Gionata D'Alessi, dal mondo al ritorno a Bibbona. “Il segreto della mia cucina? La semplicità”

C’è un ragazzo di vent’anni che un giorno saluta tutti e promette che tornerà. In valigia i ricordi di un’infanzia contadina, dei pranzi di famiglia fatti di risate e sughi nel tegame da leccarsi le dita. I sogni ripiegati insieme alle camicie quelle buone e un saluto al mare e a quel vento salato che è la sua vita.

Gionata ha una passione che gli brucia nello stomaco. Prima o poi ce la farà.

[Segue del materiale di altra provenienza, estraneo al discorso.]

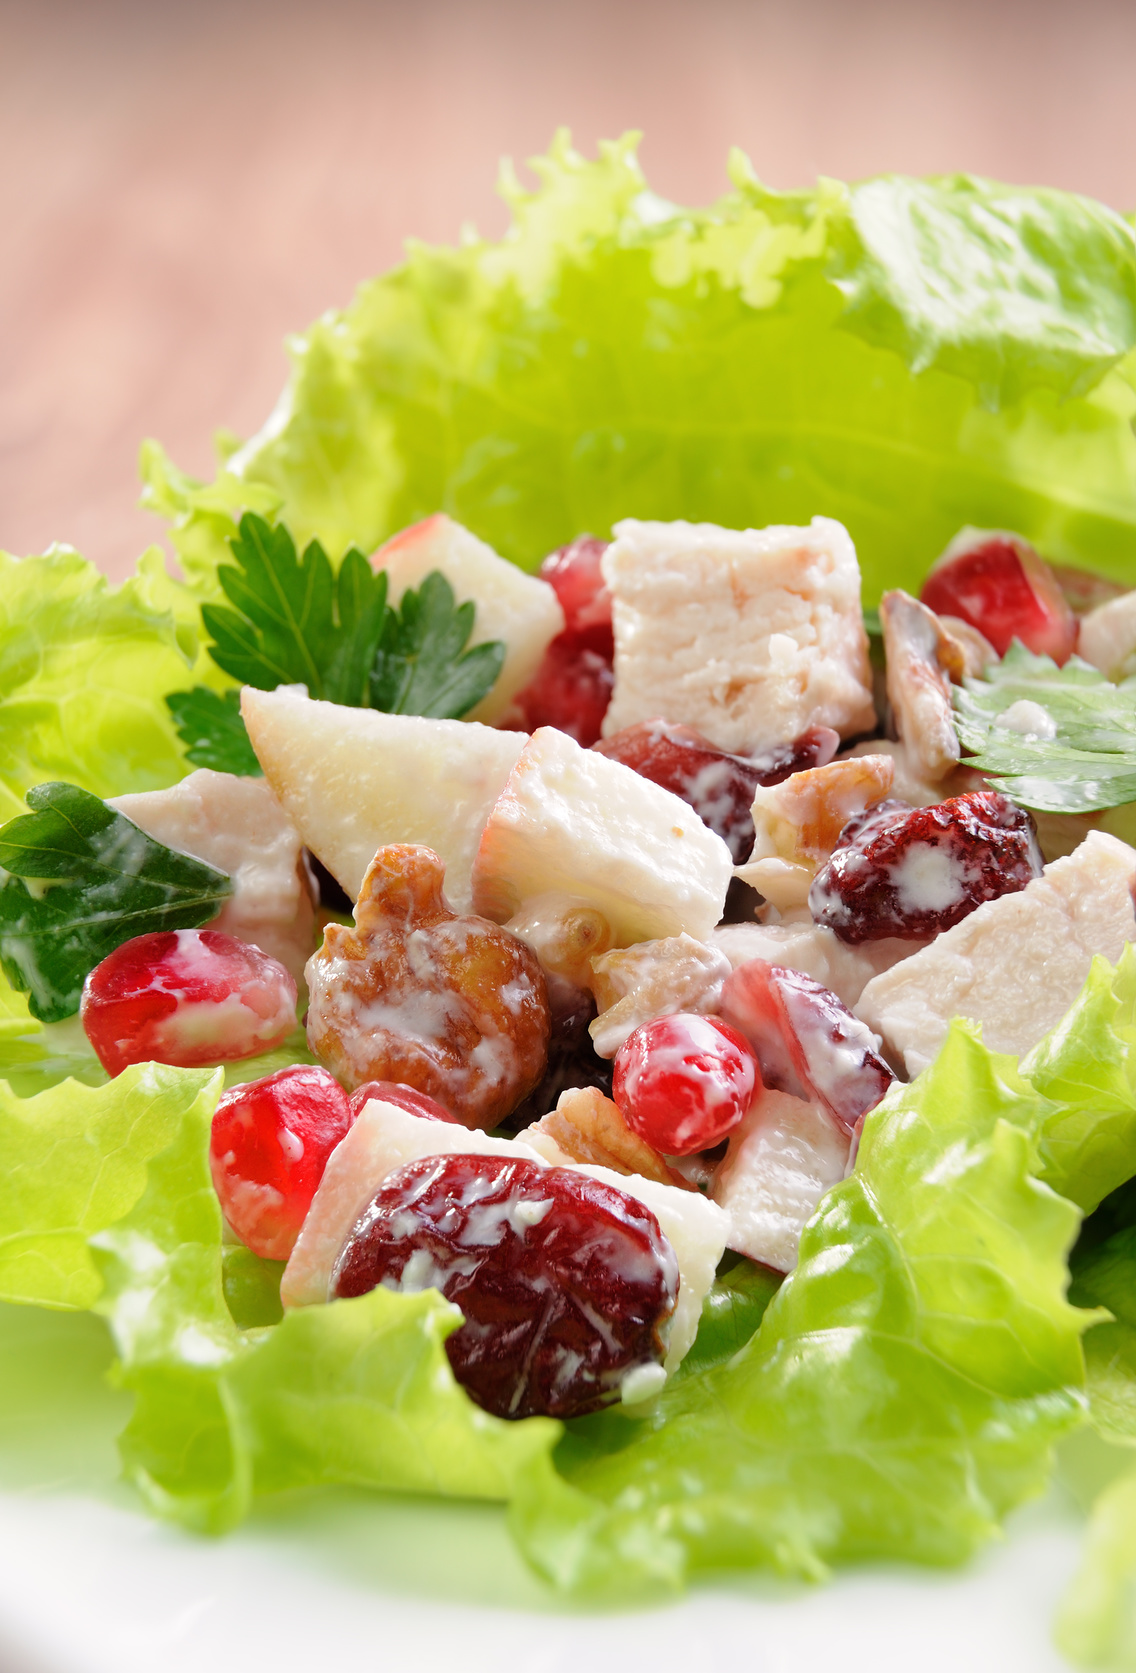 Cranberry Chicken Salad for Protein and Fiber - Get RIPPED!® by Jari Love

Da Bibbona a Londra, da Londra al Sud della Francia e poi di nuovo il mare . “Sì, a un certo punto mi sono imbarcato sullo yacht di Fini, l’imprenditore modenese. Su quei trenta metri, in mezzo a uomini e donne famose, gente di sport e artisti, io mi occupavo di tutto. Ma sbattevo parecchio ma ero felice, perchè tra quel tutto  c’era la cucina, ed è lì che io sognavo di lavorare…”.

E da quello yacht in poi il ragazzo corre sulla strada che ha saputo disegnarsi con dedizione e coraggio.

La prima gli ha insegnato l’arte dell’umiltà, quella di cercarsi dei maestri, la seconda la voglia di tornare a casa, disfare quella la valigia e mettere a disposizione della sua terra ciò che ha imparato lungo il cammino e tra le onde. Anche per questo Gionata D’Alessi, 45 anni, sguardo svelto, fisico agile e parole misurate, mette subito le cose in chiaro.

Non chiamarmi chef, io sono un cuoco. Sai come diceva Luciano (Luciano Zazzeri, l’uomo che ha creato un ristorante mitico come La Pineta a Marina di Bibbona, scomparso nel 2019, ndr.): Gionata, qui ci sono troppi chef e pochi cuochi in giro”.

Eppure il cuoco partito dalla costa degli Etruschi per girare un po’ di mondo e  tornare nel borgo di Bibbona e aprire “Io Cucino”,  di ragioni per tirarsela almeno un po’ ne avrebbe parecchie.

Un ristorante che ormai è un piccolo culto, consulenze per imprenditori della ristorazione (a Firenze con Caffè Italiano l’ultima avventura), maestri/amici come Fulvio Pierangelini, l’uomo che ha inventato la passatina di ceci con i gamberi. “Una creazione tanto semplice quanto geniale. Soprattutto perché parliamo di vent’anni fa. Lui mi ha insegnato tanto e mi rendo conto che avere la possibilità di confrontarmi con Fulvio sia una grande fortuna”.

Va detto che Gionata era tornato dalle sue parti ricominciando da Bolgheri, concorrenza più fitta ma turismo decisamente più vivo. “Gli anni della Magona mi hanno insegnato moltissimo. A ragionare come imprenditore, tanto per cominciare. E a capire fino in fondo quale fosse la cucina che volevo fare. E che qui a Bibbona sto cercando di portare avanti. Con molta soddisfazione, devo ammetterlo”.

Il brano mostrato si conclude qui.